But seriously, good luck. I know well the anxiety you’re dealing with. You’ll find the angles, but I’m not sure academia will ever be healthy again. (If it ever was.)
I want to believe that academia isn’t turning into an intellectual sweatshop, but there’s so much evidence to the contrary. 70% of the undergraduate classes at Florida State University are taught by “teaching assistants.” (Although I’m not sure whom they’re assisting since, like I’ve been doing for the past five years, they are the sole teachers of these classes. Maybe they’re assisting the university in making as much money as they can off of cheap graduate student labor and undergraduate tuition paid in earnest with the hopes of having an actual professor teach one’s classes?
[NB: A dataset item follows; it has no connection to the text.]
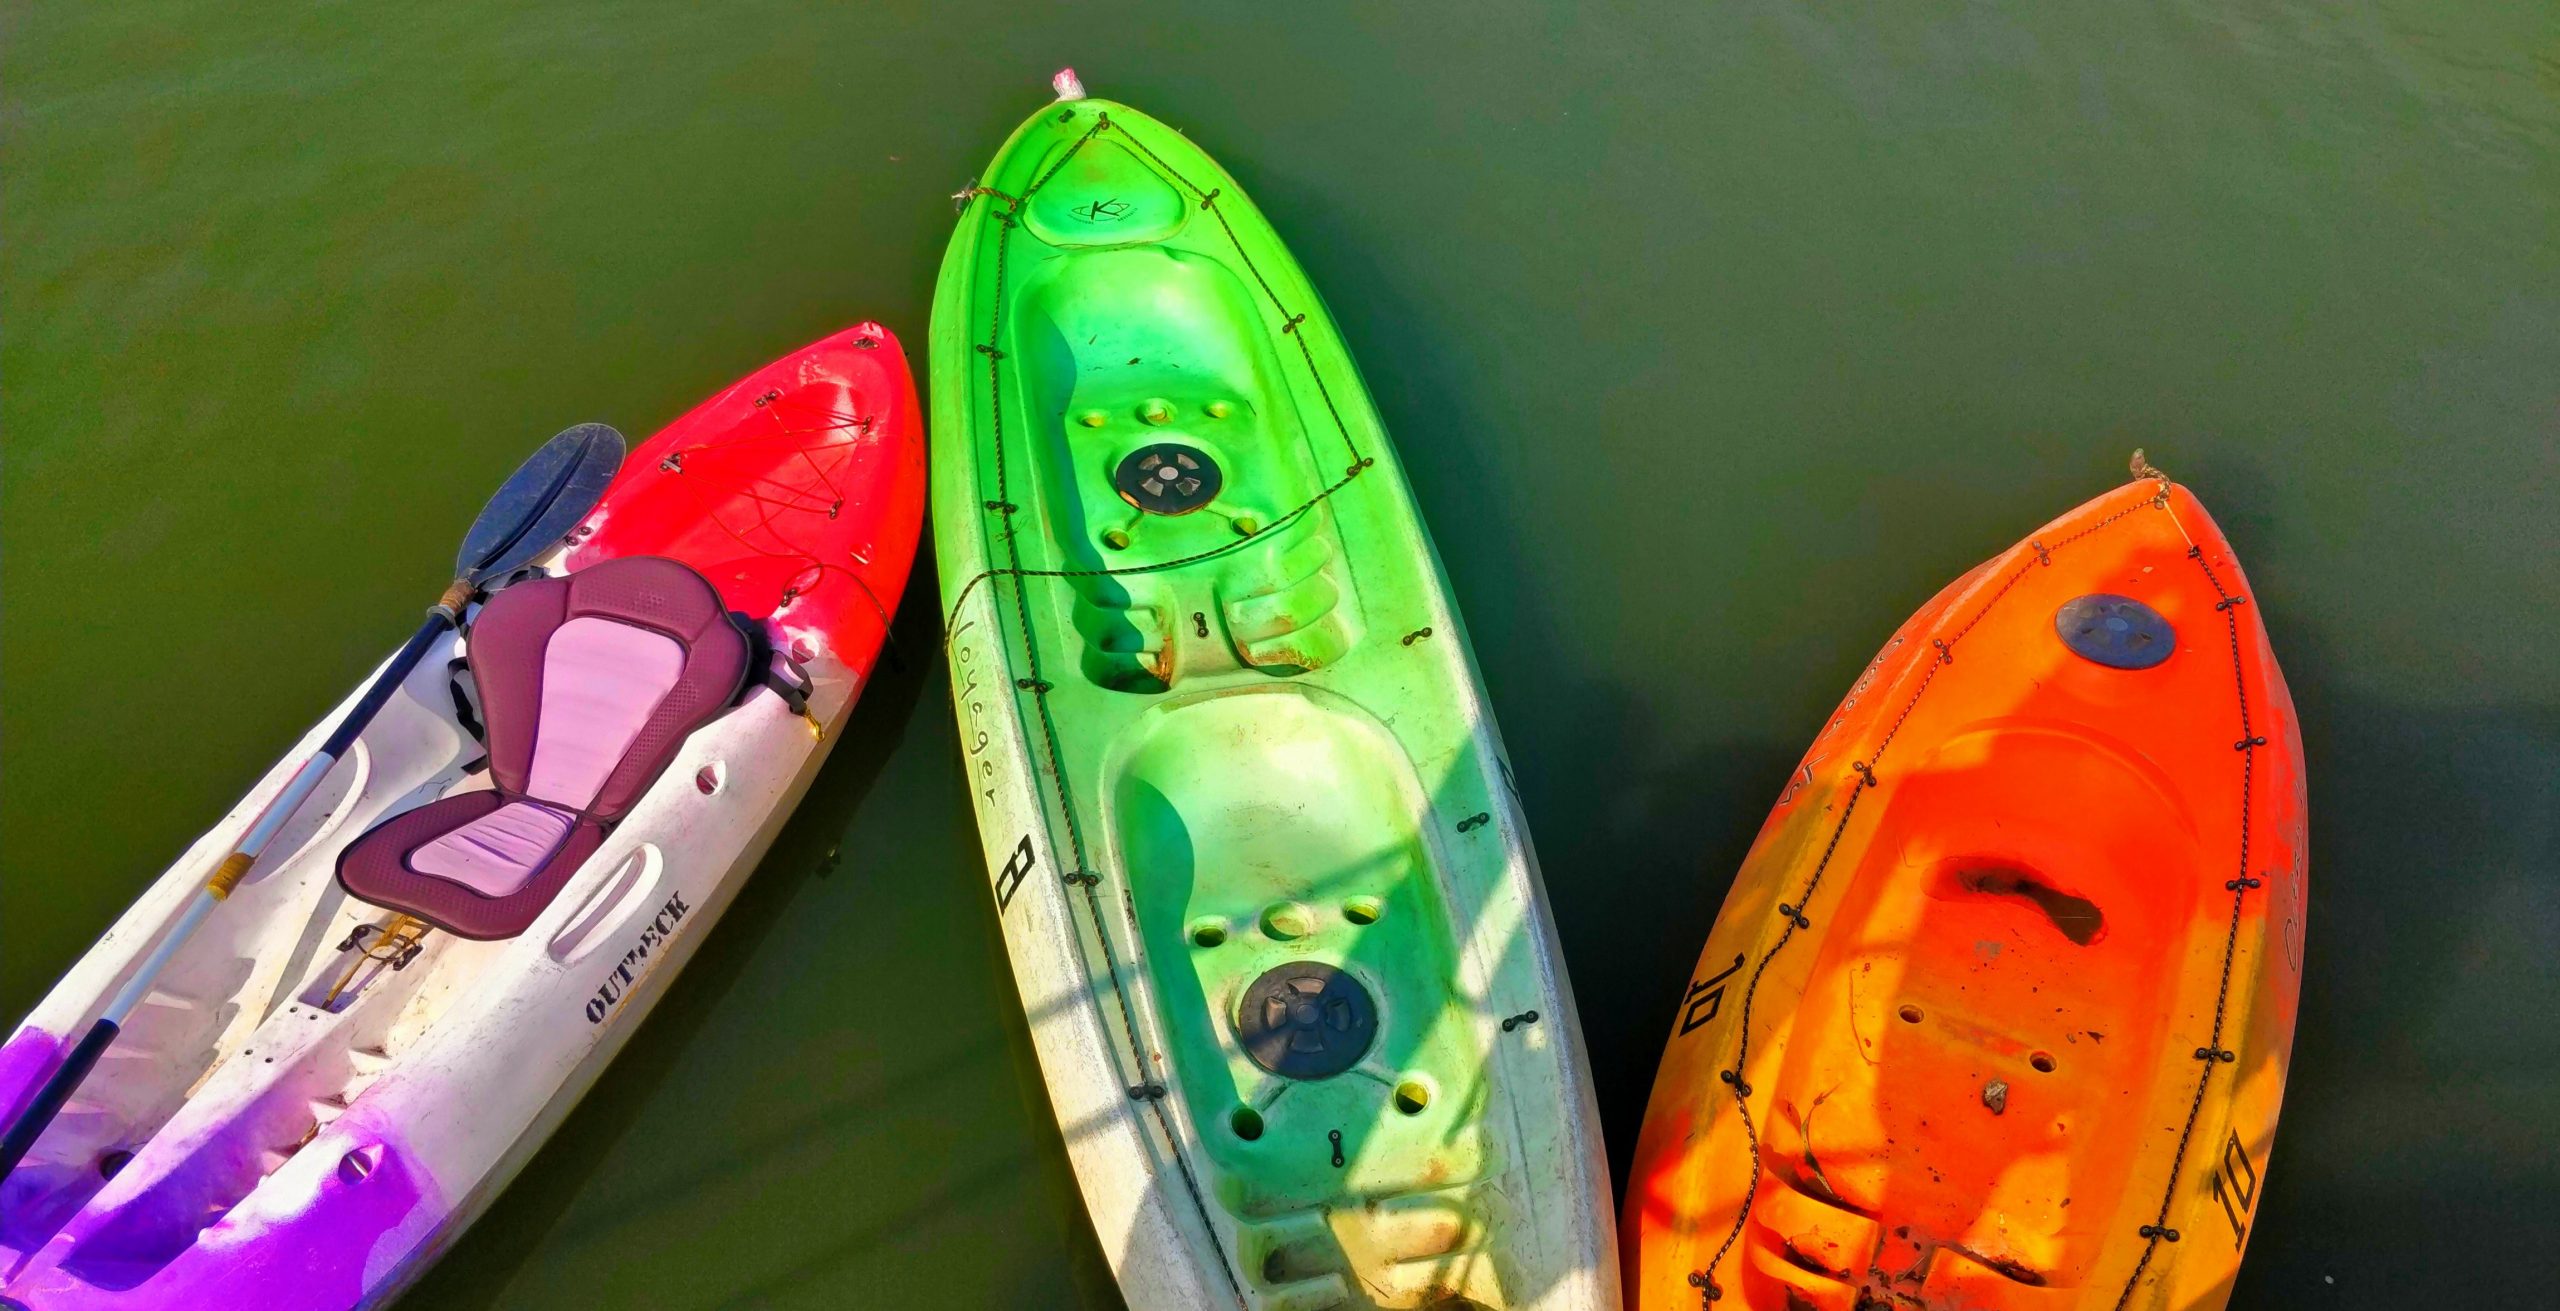 colorful boats

It seems your friend is right about us living in a capitalist country there.)
I think everyone in the department should read this. 🙂
Great post, Rebecca.
Thanks Jerry, Claire and Barrington!
Oh, this is good, Rebecca. Sad, but good. Thanks for sharing this.
What Kate said.
Wonderful expression of the anxiety we all face right now. The routine catch phrases about why we do what we do, the value in it, the importance, have not caught up with the realities of the market. It is saddening to see so many smart, hard-working people saddled by student loan debt after years of dogged effort emerging to discover they cannot earn a fair wage for their genuine talents. Add to this the political nature of many departments, amplified by reduced funding, and all that is left is privately nurturing whatever love of words, of dedication to original craft, brought you there in the first place. Congratulations on your degree, and good luck to you.
Rose, this doesn’t sound that bad to me, and I wonder if it does to you:
If that’s all that is left, all that is left may be all that really matters. I mean, it would be nice to live in a culture that valued teaching, and that compensated teachers through some scale other than the adjunct market, but does this sentence toy with the thought that the decline of the academic career is not so much lamentable as essentializing?
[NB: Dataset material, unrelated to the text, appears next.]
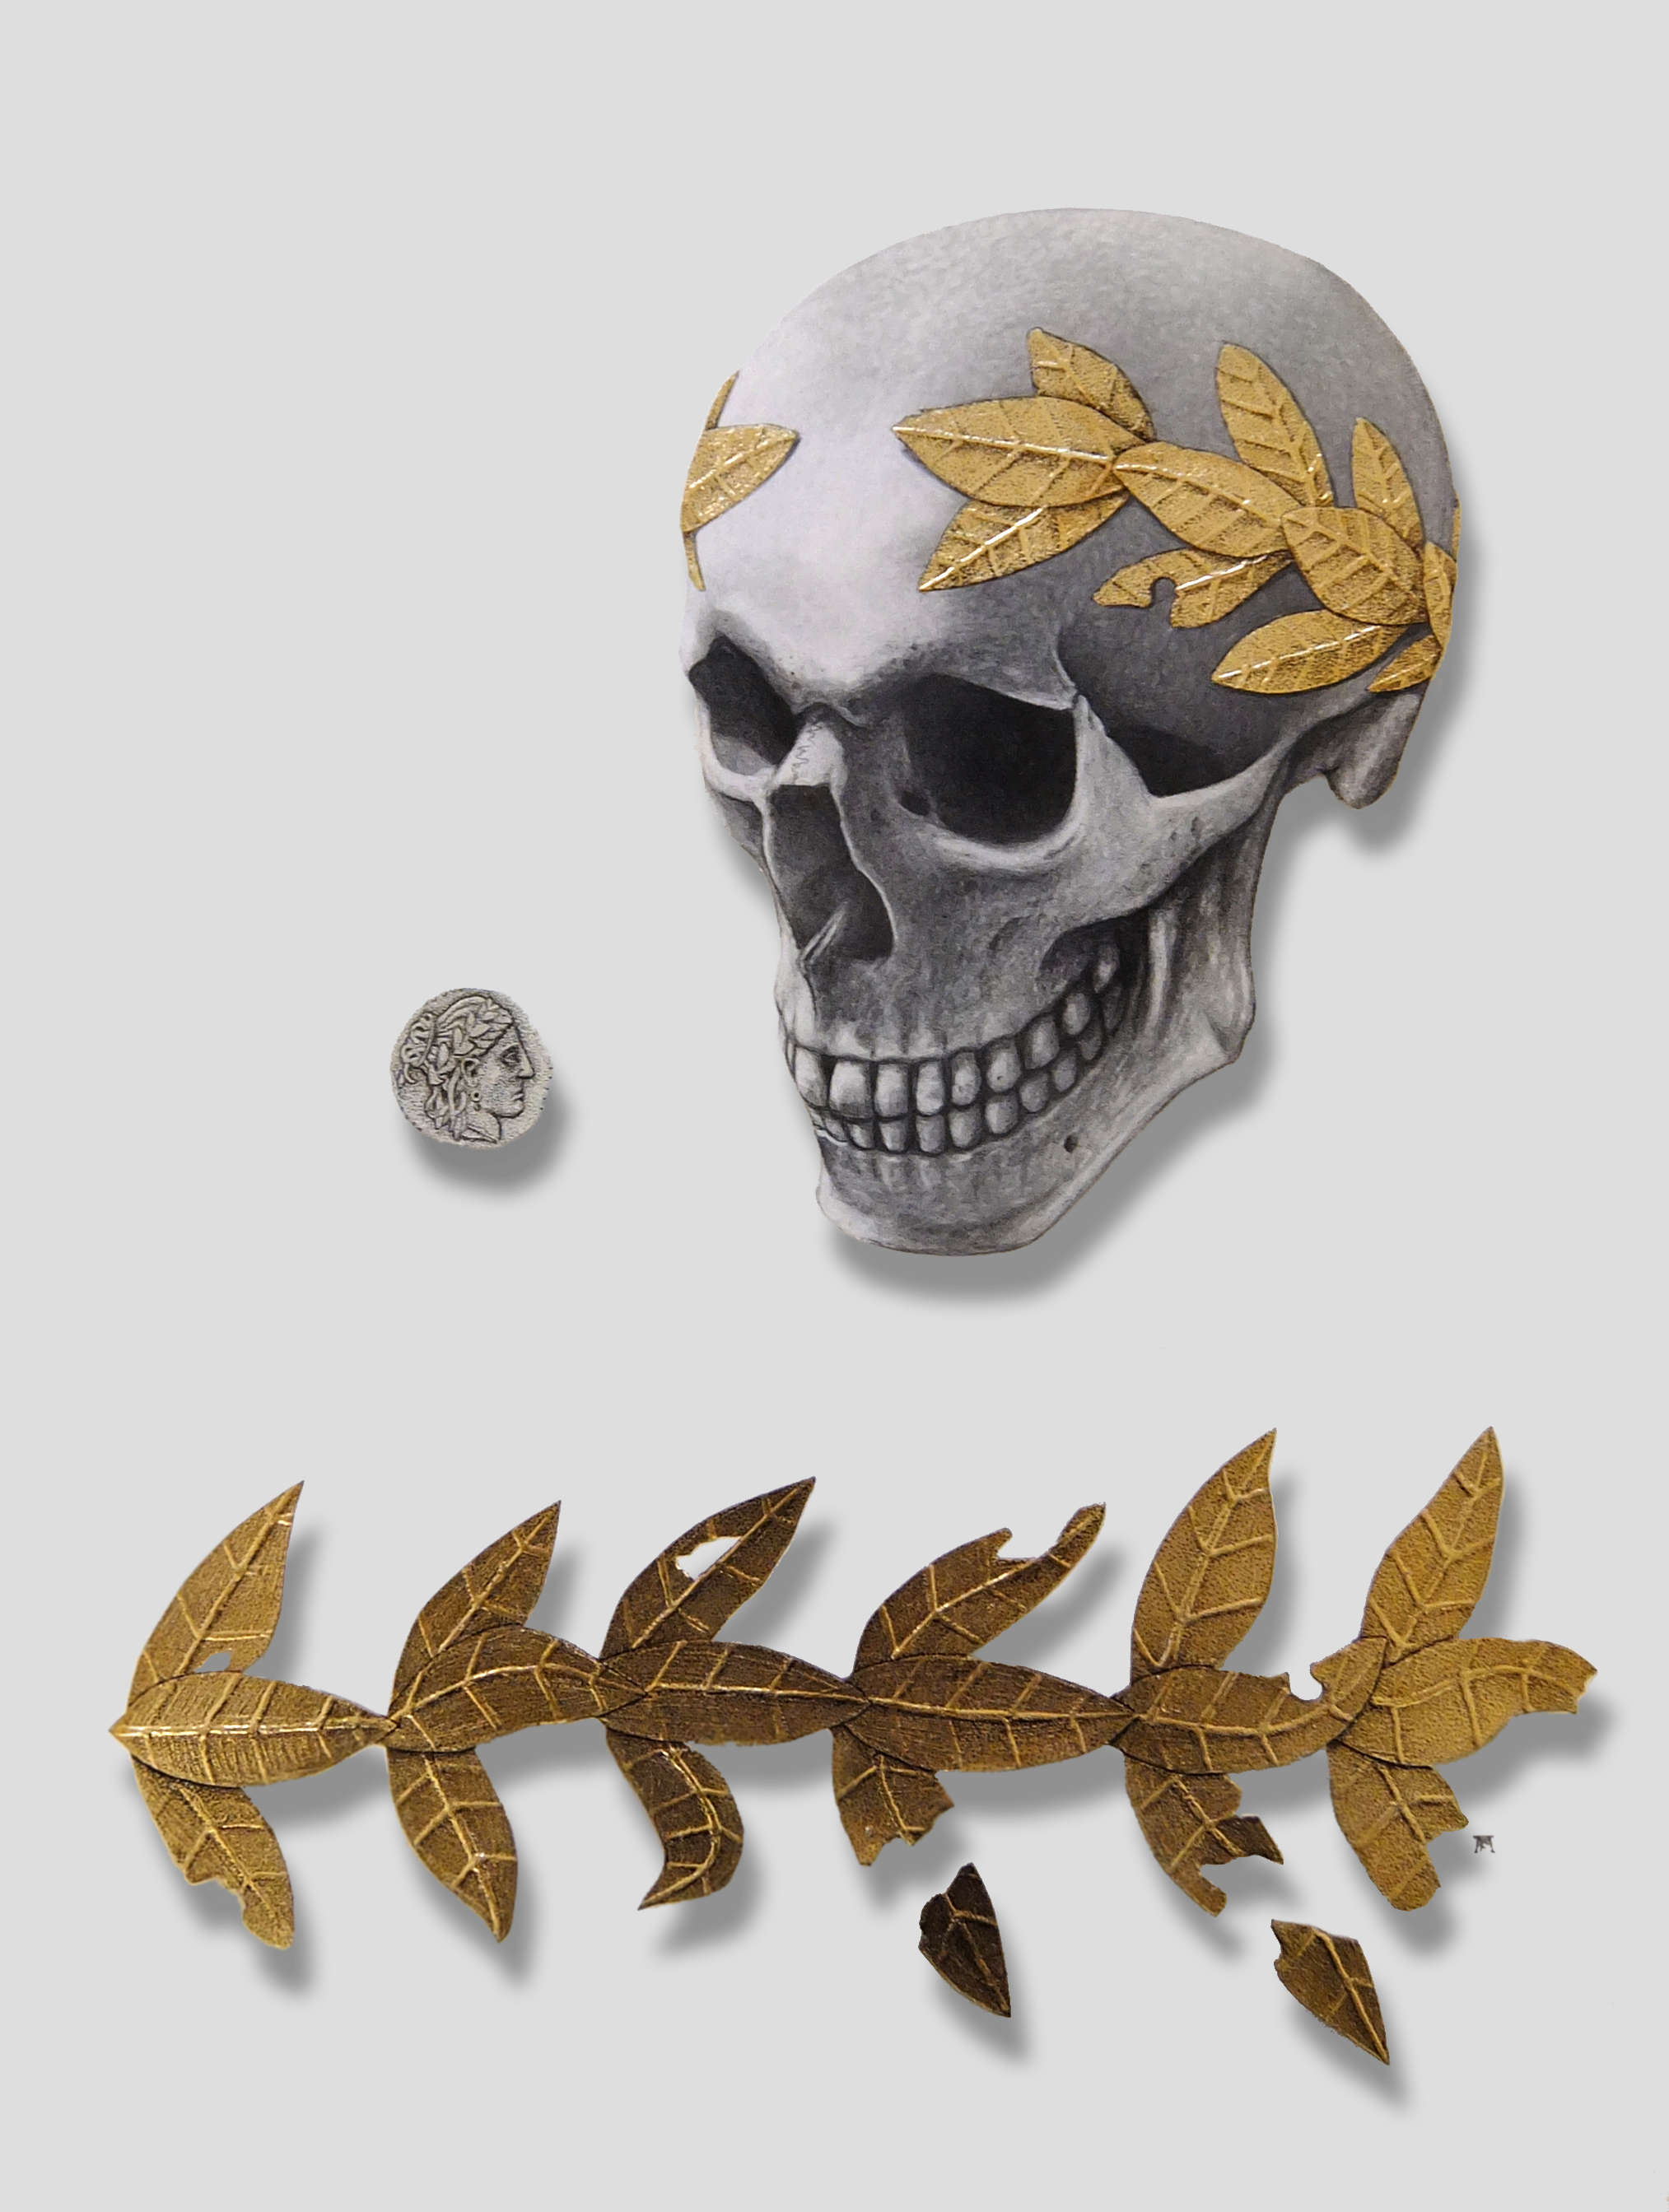 'Skull with Golden Wreath and Coin'

I remember my Aunt once told me, many professors are not there to teach, but to do research, to write, to study themselves in some form or other. I was like, “yeah, yeah, yeah…” but after a few years in the college system, I realized what she meant.
Rebecca, this is lovely: “I began to wonder where I was trying to get to so quickly.”
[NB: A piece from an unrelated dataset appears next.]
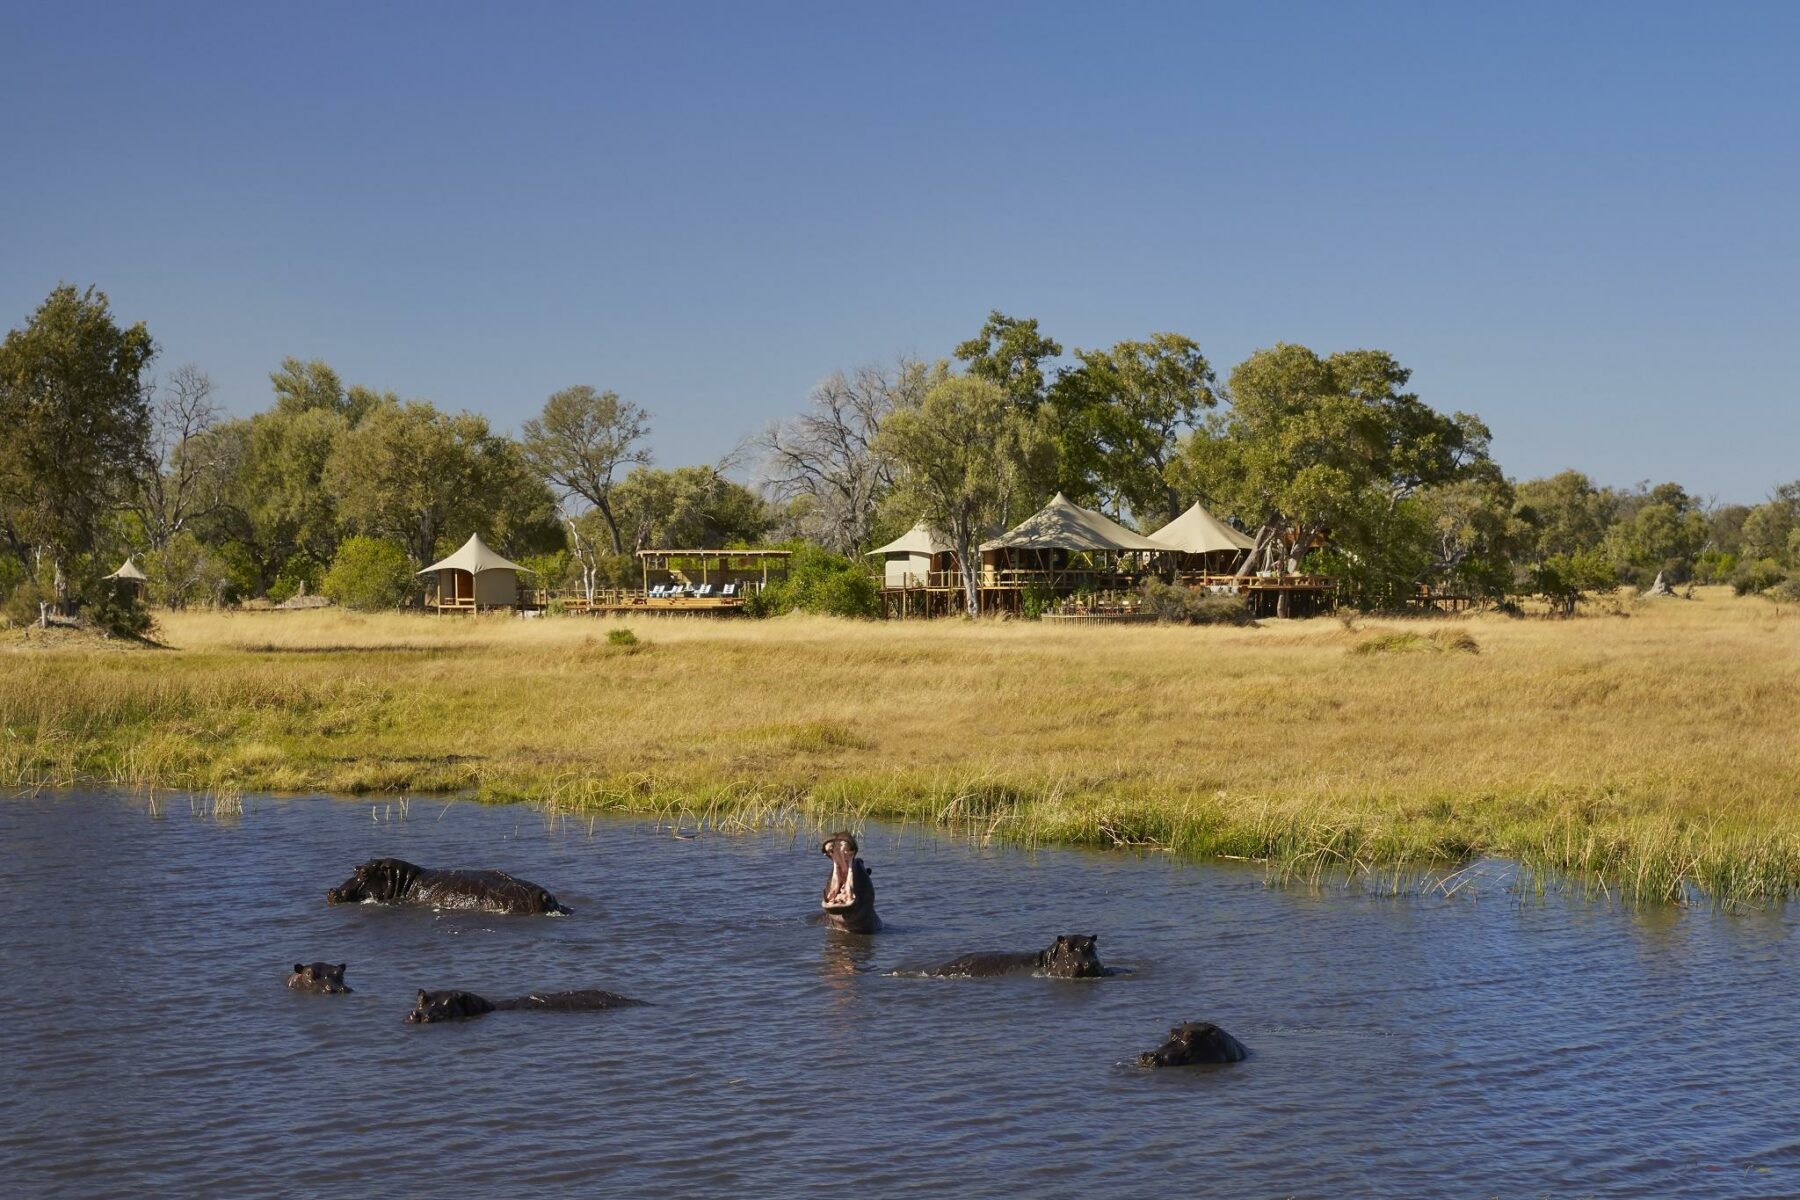 Hippos in front of Tuludi lodge

I think it’s very good and natural (psychologically speaking) to allow yourself some trepidation and to learn to live with it, while continuing to pursue the position(s) you desire. Not dwelling in worry–not being worried, but being with worry. It sounds like you’re doing a more than admirable job considering the circumstances.
You have so much to celebrate, so don’t let an inchoate future suck the enjoyment out of your Now.
And a question for the larger audience, if academia’s broken, if capitalism repurposes and appropriates it, then what shall we do to “fix” it? Can we imagine an academia for the new century?
Jeff, I agree, that getting back to a more basic state of writing for writing’s sake is a good thing. As my fiance keeps pointing out, now I will have a lot of time to work on writing, and I’m grateful for that.
The frenzied part of me is the part that thinks practically about paying bills, finding a financially sustainable way of life, and so on.
Angela, I think one way to “fix” academia would be for a) citizens of this nation to decide we value education and respond by returning state funding levels to percentages they were at say, twenty years ago (that’s a big reason why tuition rates have risen so rapidly for students; states are picking up less of the tab), and b) for universities to respond by stopping the practice of hiring adjuncts to teach full loads and instead hiring enough tenure-track faculty to actually cover the number of classes that need to be taught.
Congratulations from your name doppelganger!